Of course this is an awful situation. The mother will be arrested and charged with an interesting range of crimes, including kidnapping? What's galling is the indignation from the authorities. We hear 'Why didn't she look for help?' or 'If she couldn't look after her child she should have given him to someone who would'.
Very laudable sentiments. Yet in the real world meaningless. In my job I come across parents and people who care for disabled people. During the past few years social care and support has felt the cold hand of austerity cuts (and I'm sure the US is no different).
Increasingly parents of disabled children are expected to take up more of the support and care. Similarly with family and friends who care for relatives and friends. Care and support packages are reduced while the share of the carer’s work is increased. A lot of the time respite is difficult to access as social workers are compelled to find ways of cutting expenditure.
None of us yet know the full story of the severely disabled young man abandoned in the Cobbs Creek Parkway, Pennsylvania.
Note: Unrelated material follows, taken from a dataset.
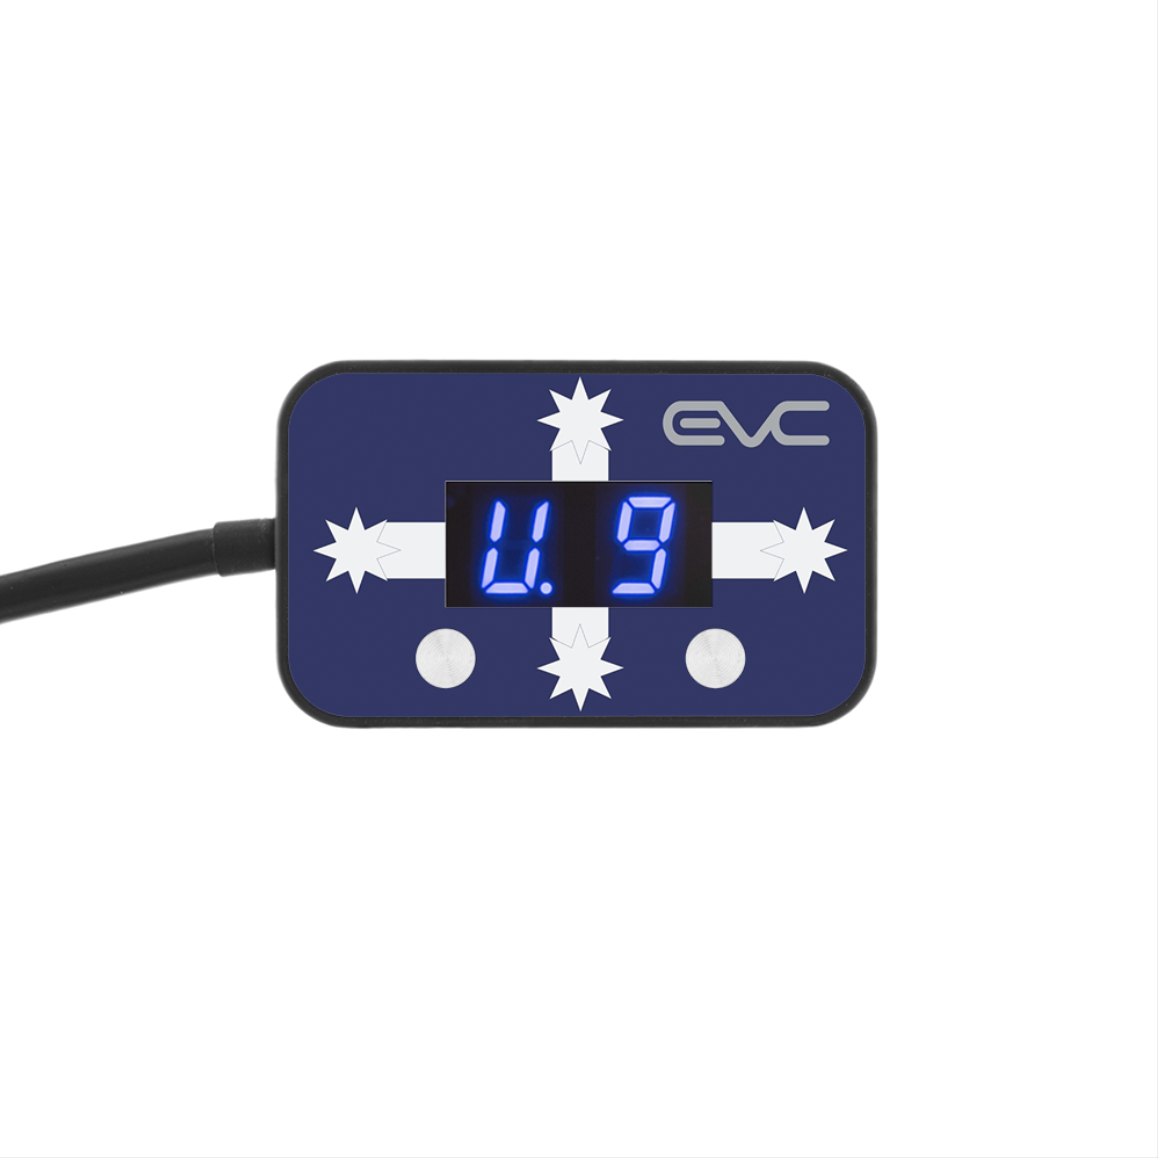 EVC iDrive Throttle Controller Eureka for Bmw All Series 2000-On EVC401
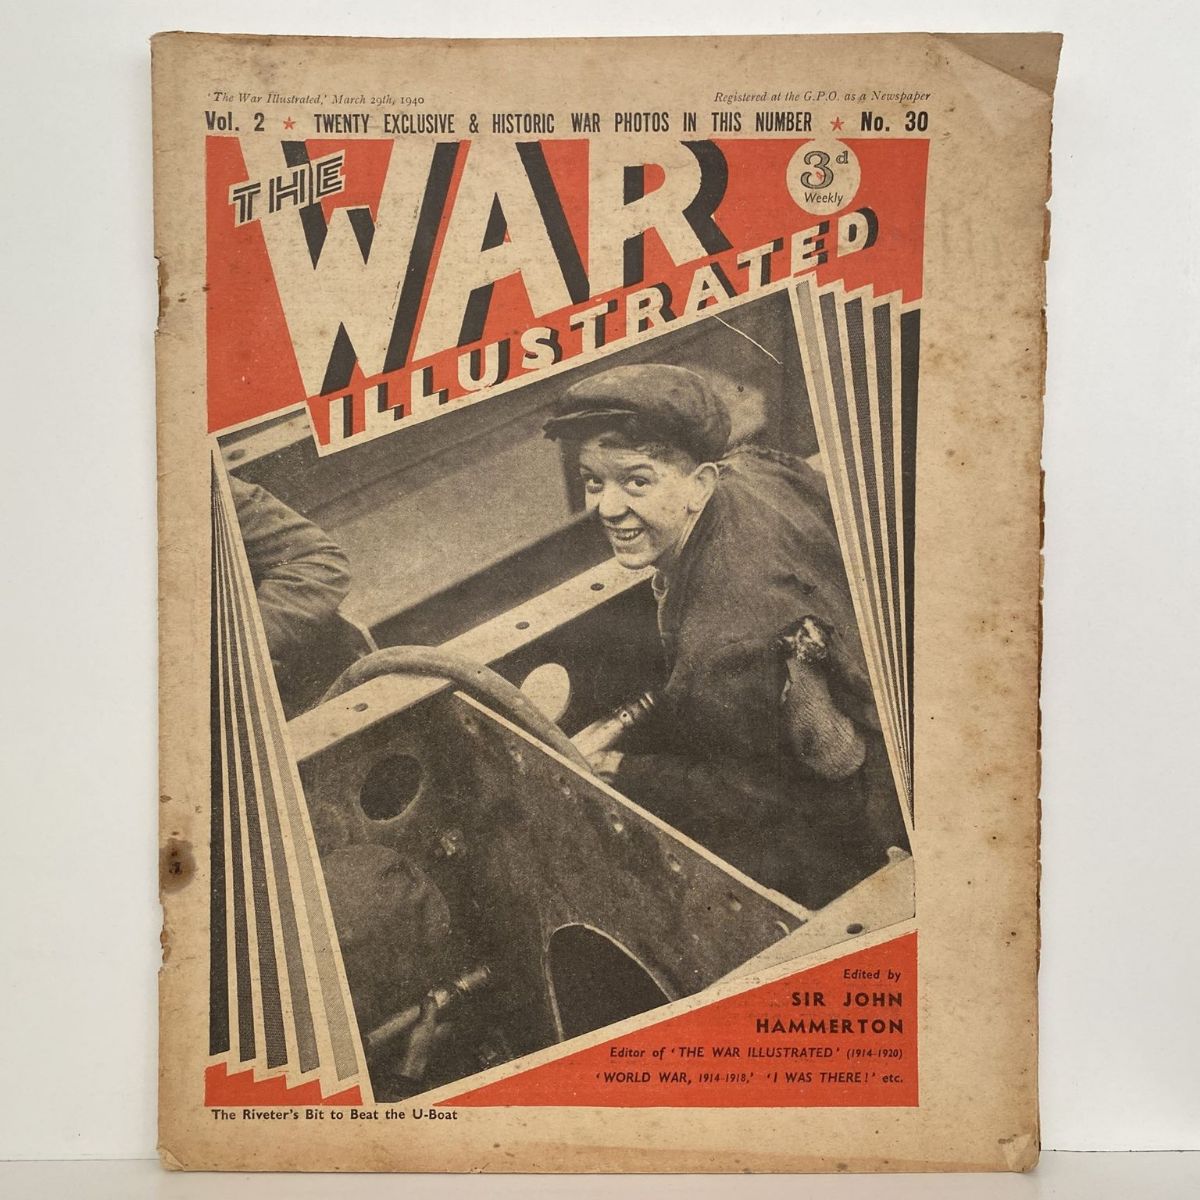 THE WAR ILLUSTRATED - Vol 2, No 30, 29th March 1940

But even without the full facts we know this was the wrong thing to do. Yet we should be slow to judge. None of us know what help the mother was receiving from the state, if any; was she being pressurised to find work? What was her mental health state? Had her needs as a carer been assessed?
We are all aware of the social exclusion disabled people endure. This same exclusion can be visited upon those who care for disabled people. The idea that if she didn’t want to take care of her son all she needed to do was pass him onto someone who dis wish to take care of him is a very simplistic view.